HGVC I would be losing out on the resale price. I paid about $1000 a week (on average) for each deeded week. I am fine with getting nothing back on resale as it has been a great 16 years of awesome vacations.

MVC I will lose $8 per point since I bought 5K direct points to enroll a bunch of weeks. This cost me about $2300 for each week to enroll in the club. Will take about 9 years to break even on this with free exchange and lock off fees. It has been almost 6 years since enrolled so almost to break even point.

Willowridge, Grand Chateau, Grand Vista, Harbour Lake platinum weeks I have bought for as high as $2000(with closing) and as low as sellers paying me(free with no closing costs and week to use). My average is less than $1000 per MVC week.

KoOlina floating weeks I think would break even. Maybe lose a thousand or make a thousand each week.

MVC Grand Residence fractionals I could definitely sell for more than I paid resale.

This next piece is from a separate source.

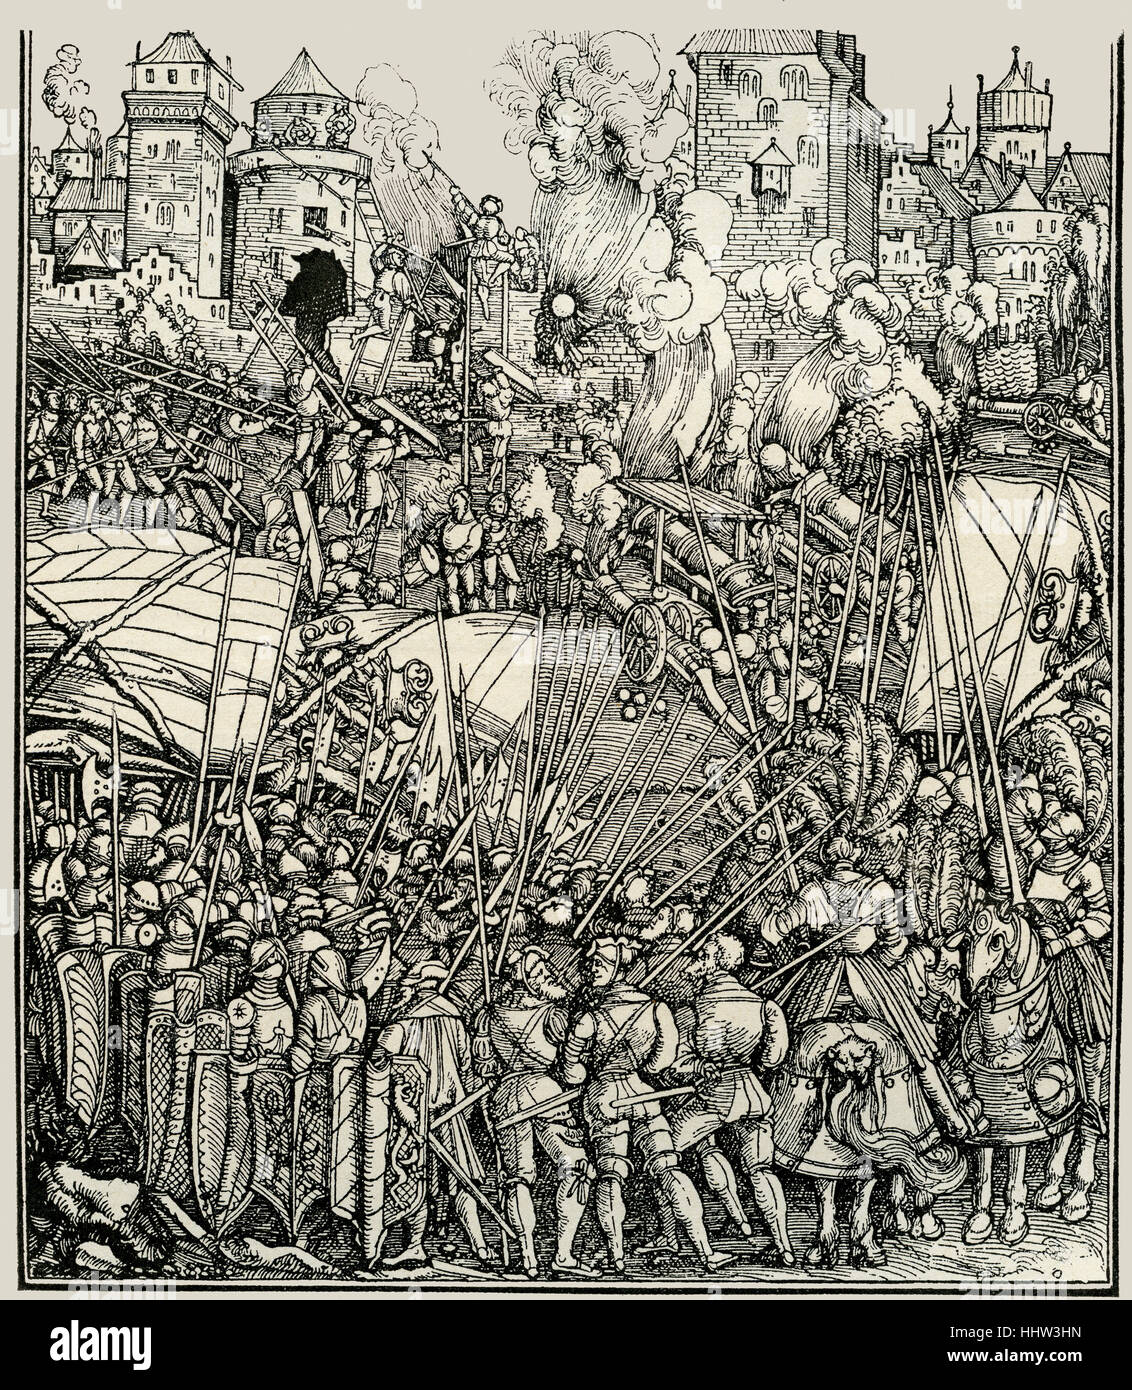 Siege of a city by the troops of Maximilian I, Holy Roman Emperor (22 March 1459 – 12 January 1519). Woodcut by Albrecht Durer Stock Photo

Yes, I agree with rickandcindy that the resale price I paid for floating weeks in MVC and HGVC would be less then purchase price. But on average it is not much of a loss if I gave all the HGVC and MVC floating weeks all away right now. My family, friends and myself have had so many great vacations and memories over the past 16 years that the small purchase price compared to MF makes it all worth it.

Buy timeshare weeks at a decent price resale. That way, when at worst, you need to give them away, it will not be that big of a loss. But you have those decades of CHERISHED memories for less than the price of a hotel room.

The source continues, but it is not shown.